Exercise objective:
Quote all of the data exactly as given. Skip every picture it contains.

Collected data:
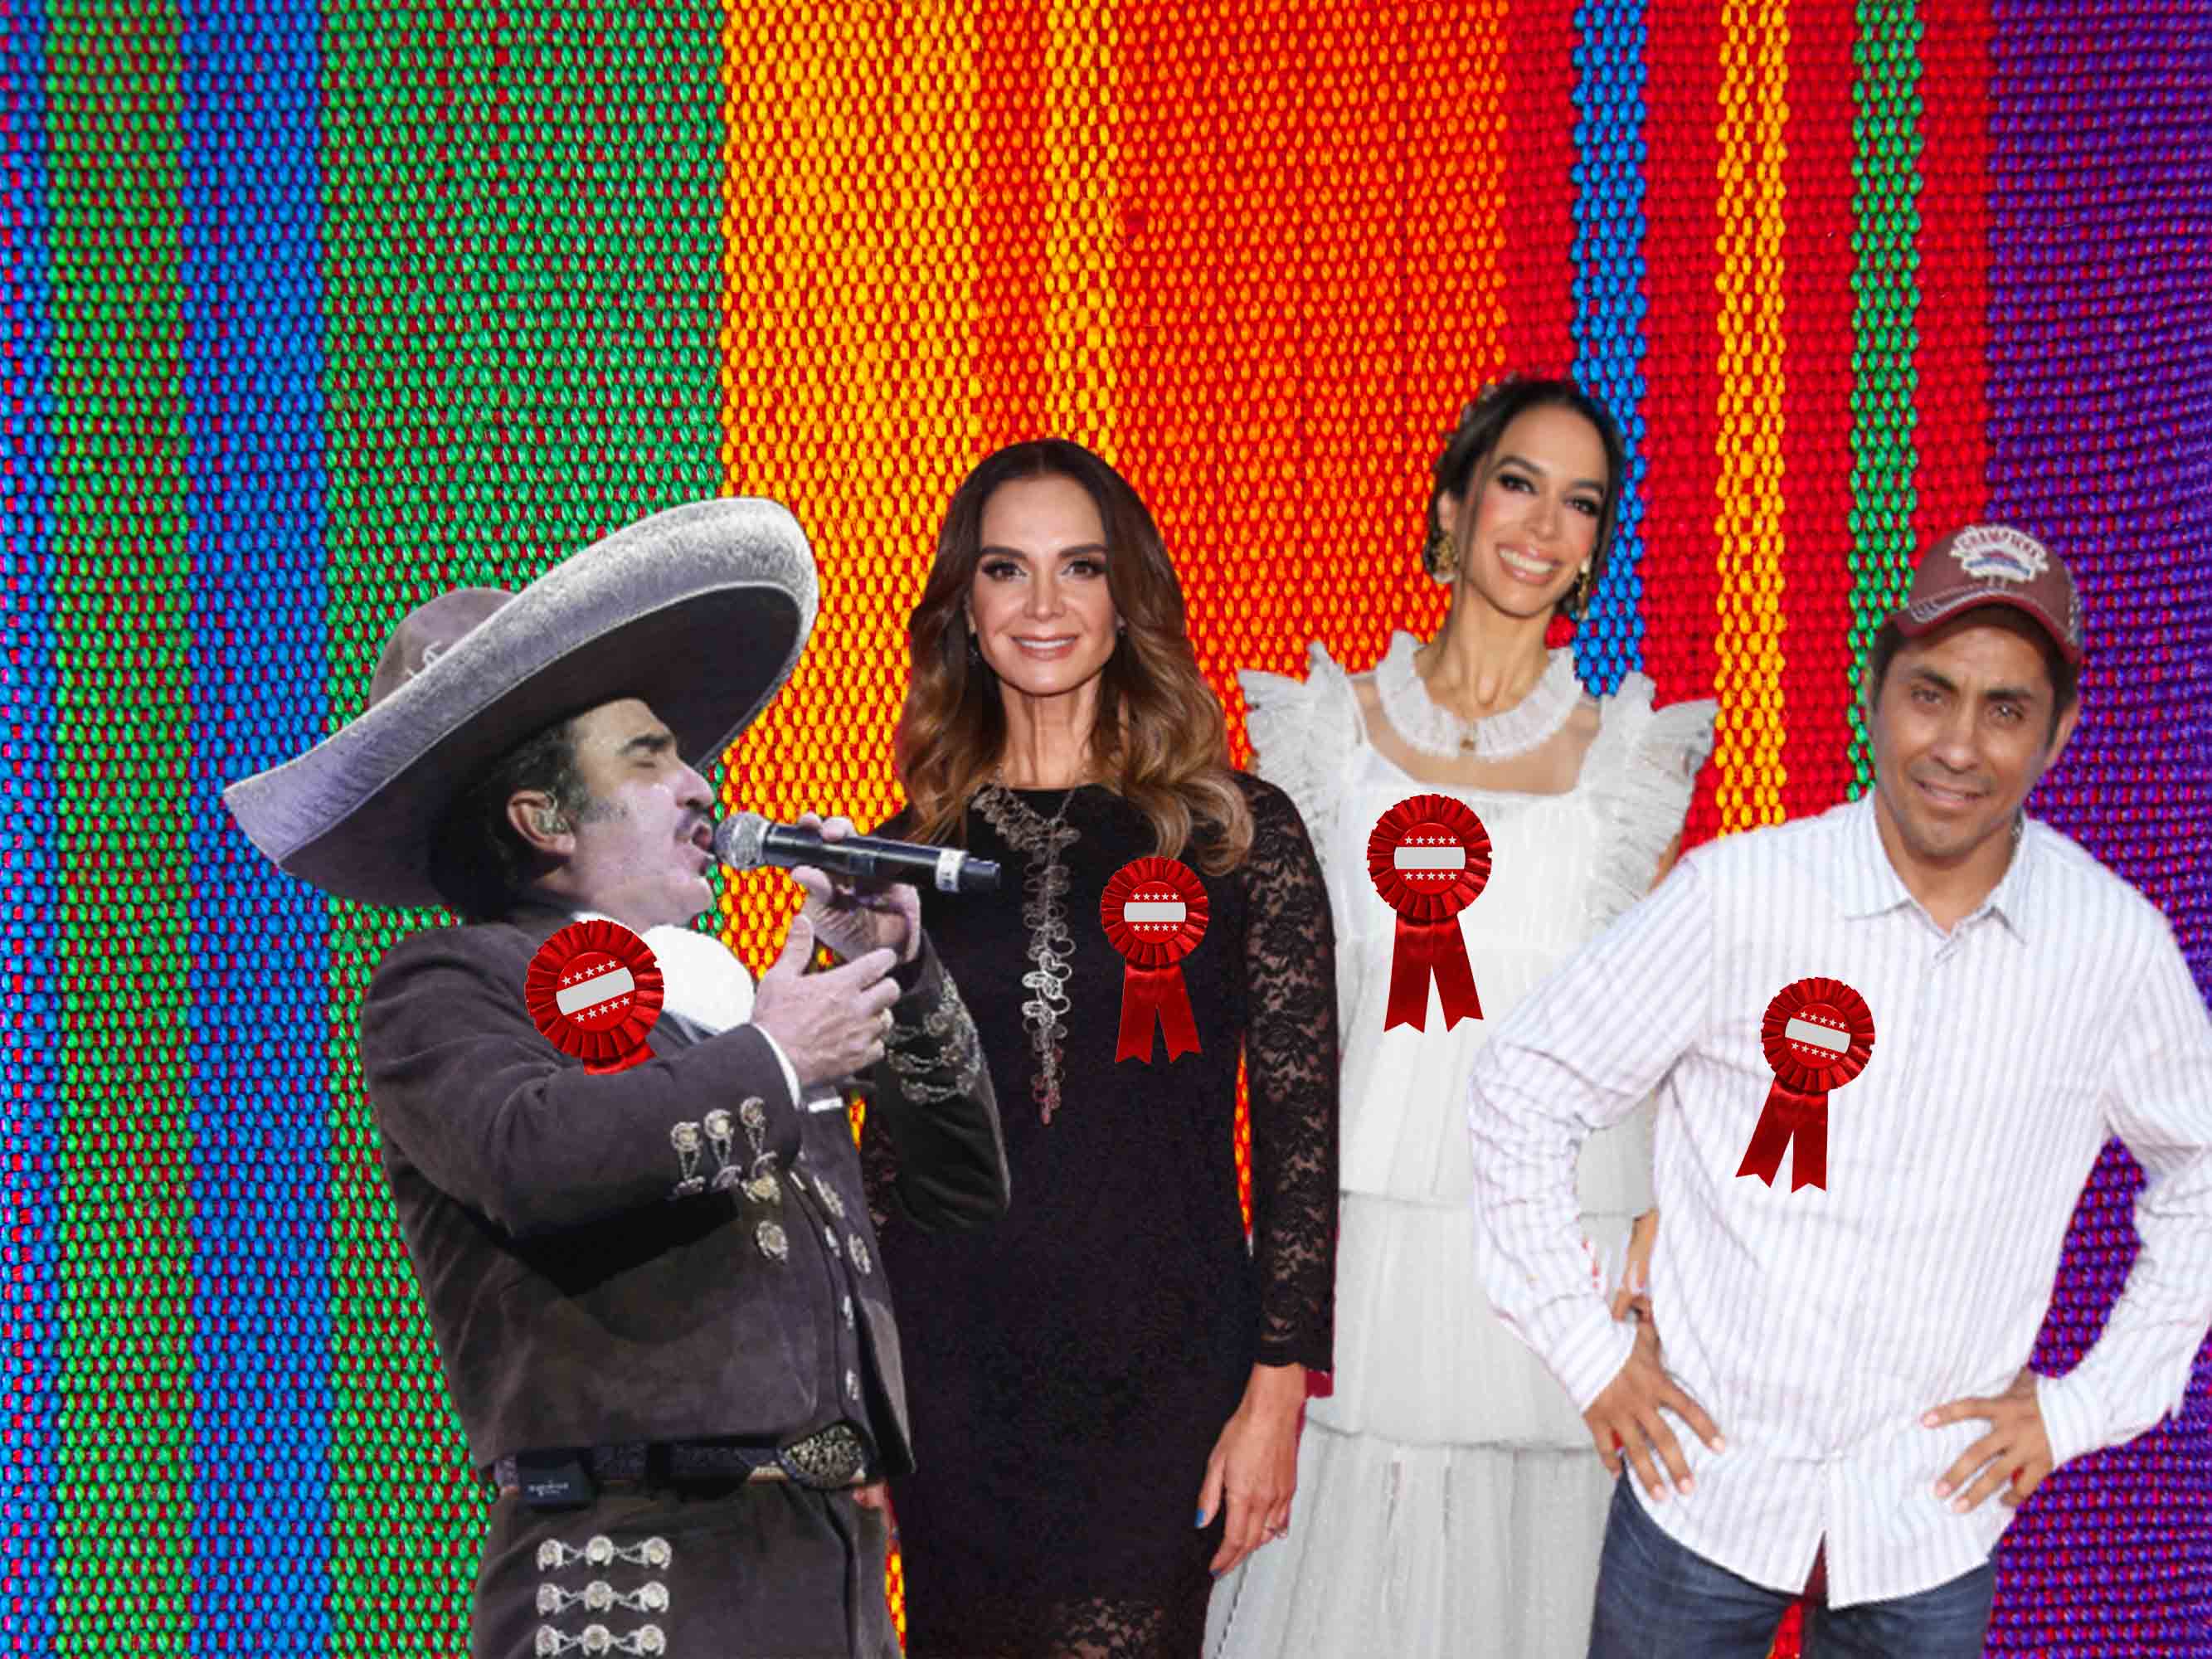 En un año tan importante para el futuro de México, los partidos políticos apostaron por reclutar celebridades.
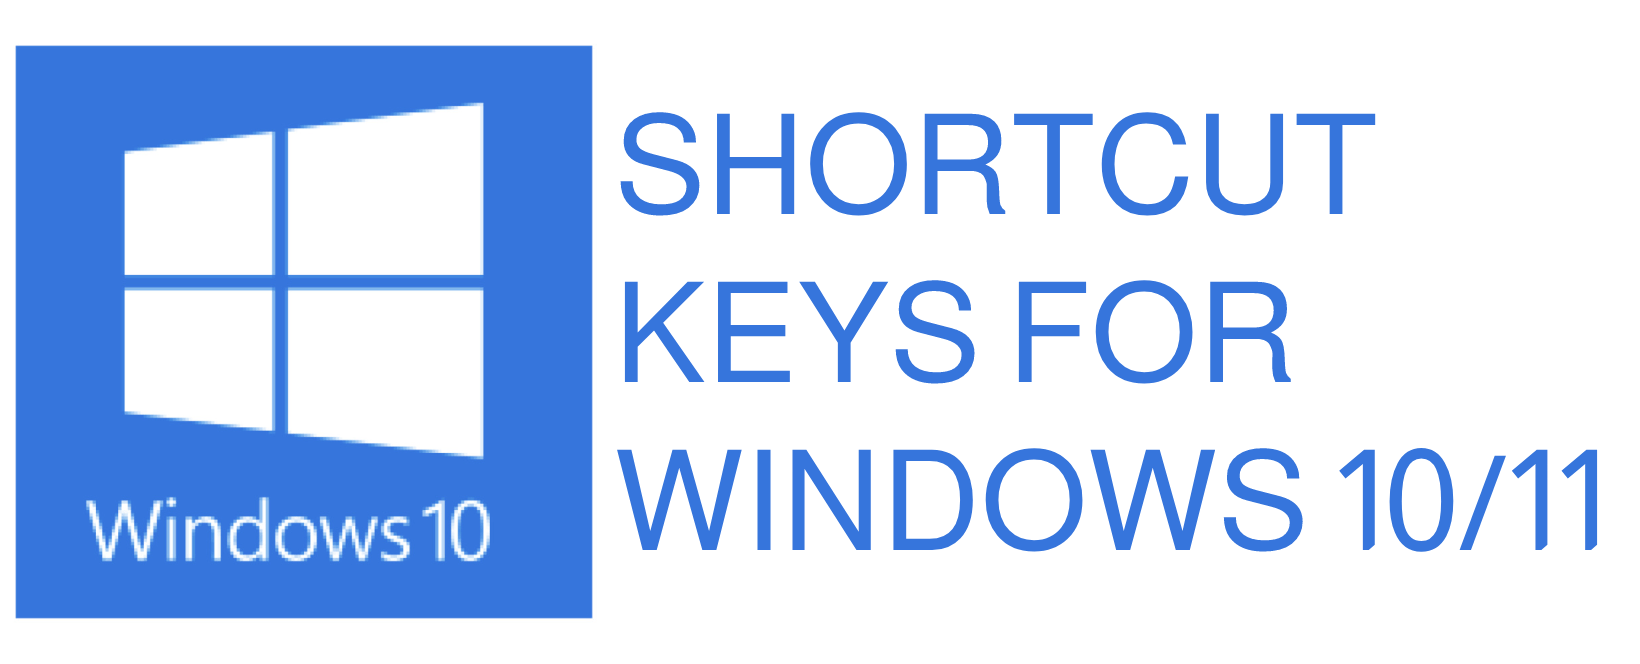 Windows keyboard basic shortcuts for Windows 10/11
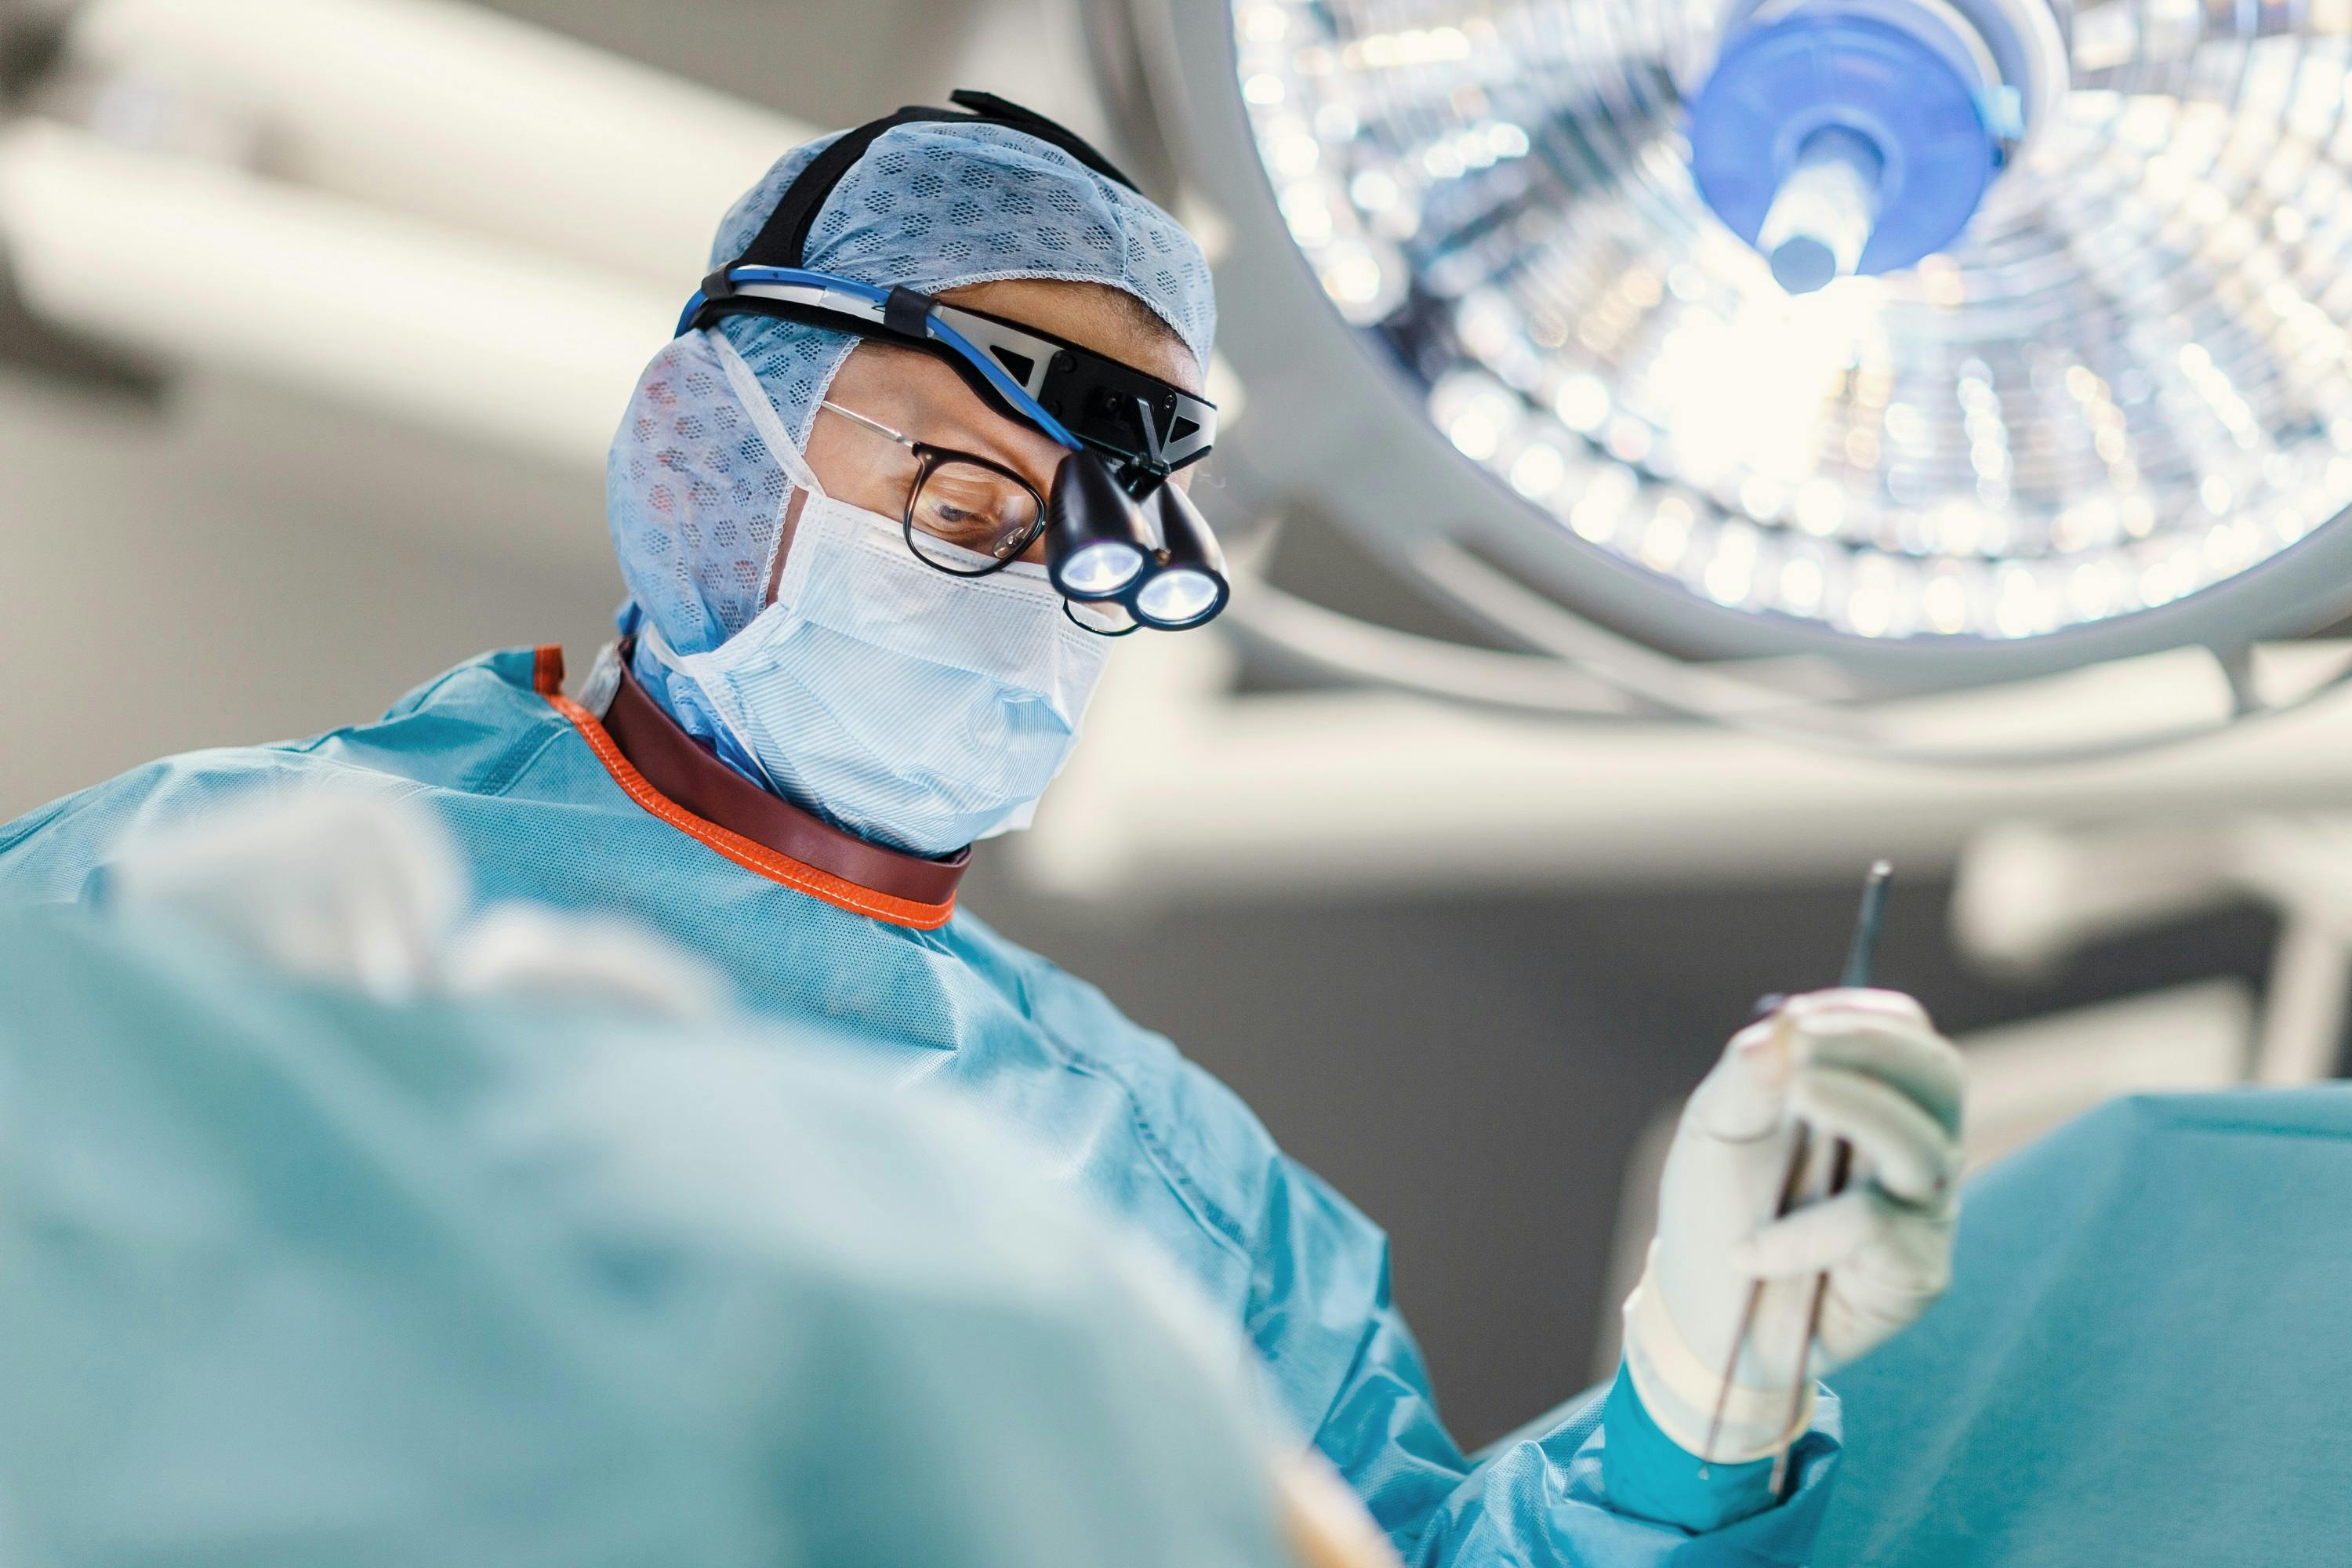 Chirurg in Operationskleidung und mit Lupenbrille bei der Arbeit im OP-Saal.

Exercise response:
 En un año tan importante para el futuro de México, los partidos políticos apostaron por reclutar celebridades.
 Windows keyboard basic shortcuts for Windows 10/11
 Chirurg in Operationskleidung und mit Lupenbrille bei der Arbeit im OP-Saal.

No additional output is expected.